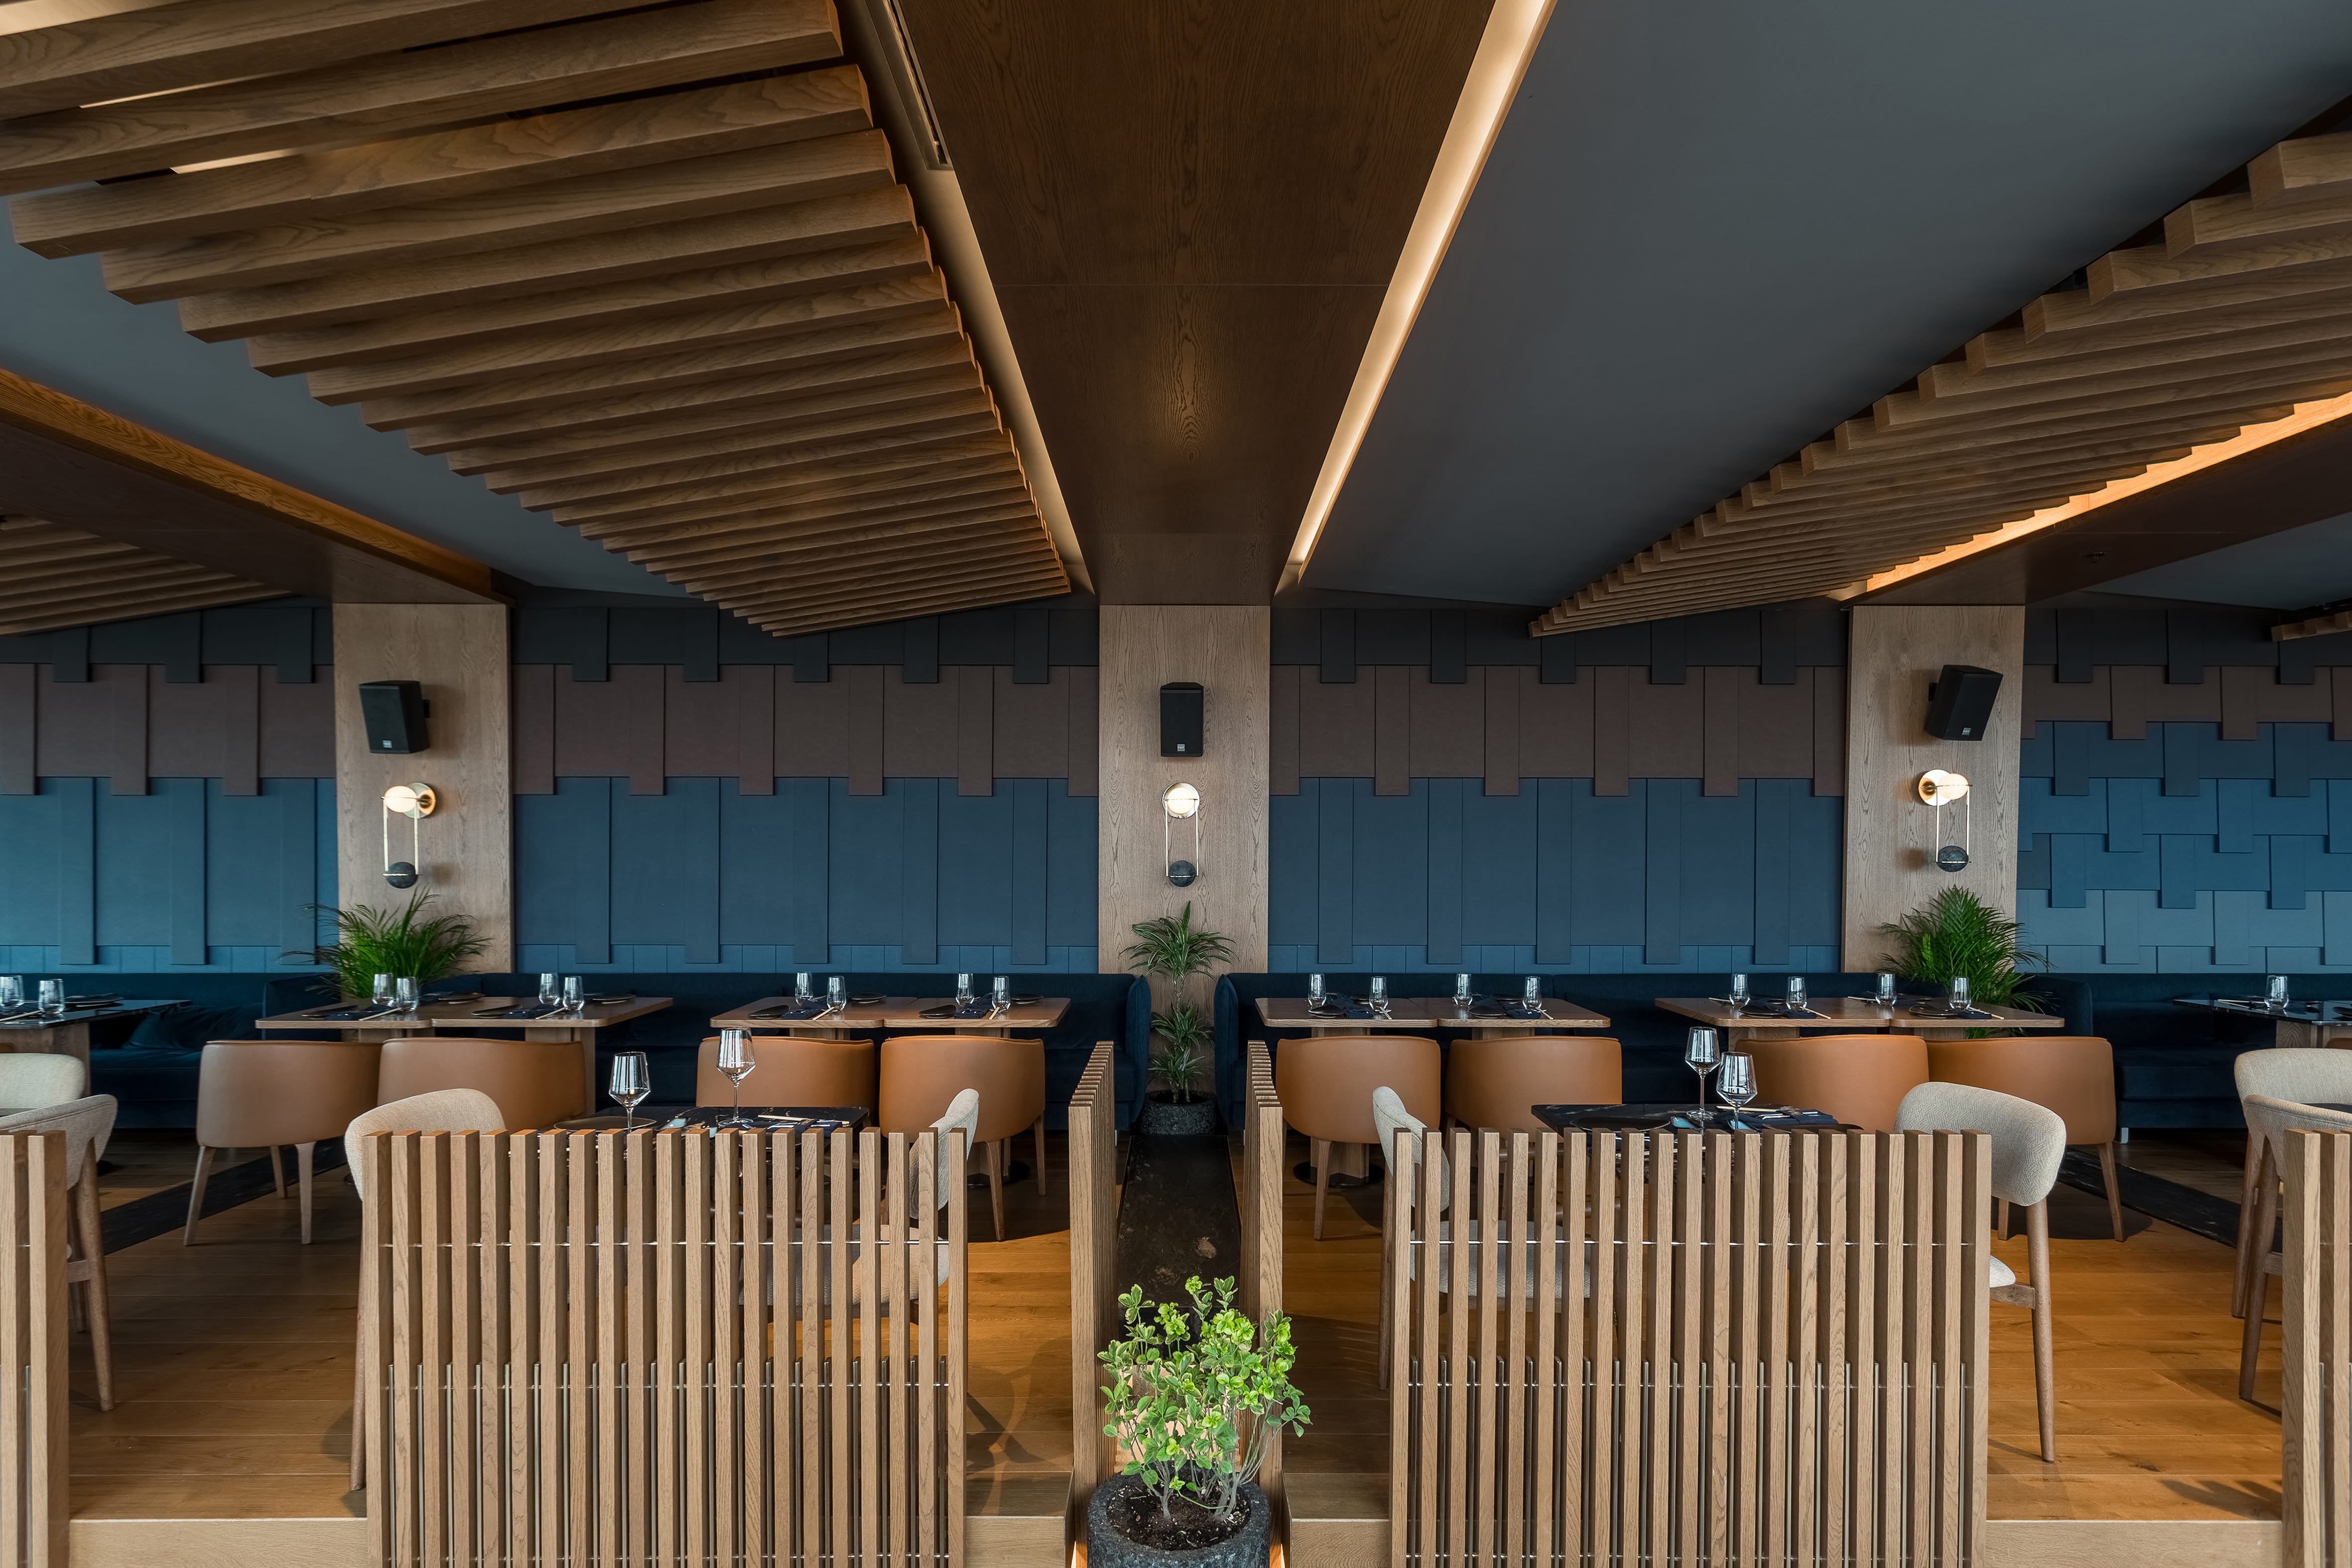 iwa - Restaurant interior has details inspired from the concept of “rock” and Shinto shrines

...

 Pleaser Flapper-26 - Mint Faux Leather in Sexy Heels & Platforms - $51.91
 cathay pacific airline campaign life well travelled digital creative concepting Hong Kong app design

WHAT YOU HAVE TO DO: Look above for the line with "Pleaser Flapper-26 - Mint"; retype exactly that line, every line after it up to the line with "cathay pacific airline", and that line too, nothing else.

ANSWER SECTION:
 Pleaser Flapper-26 - Mint Faux Leather in Sexy Heels & Platforms - $51.91
 cathay pacific airline campaign life well travelled digital creative concepting Hong Kong app design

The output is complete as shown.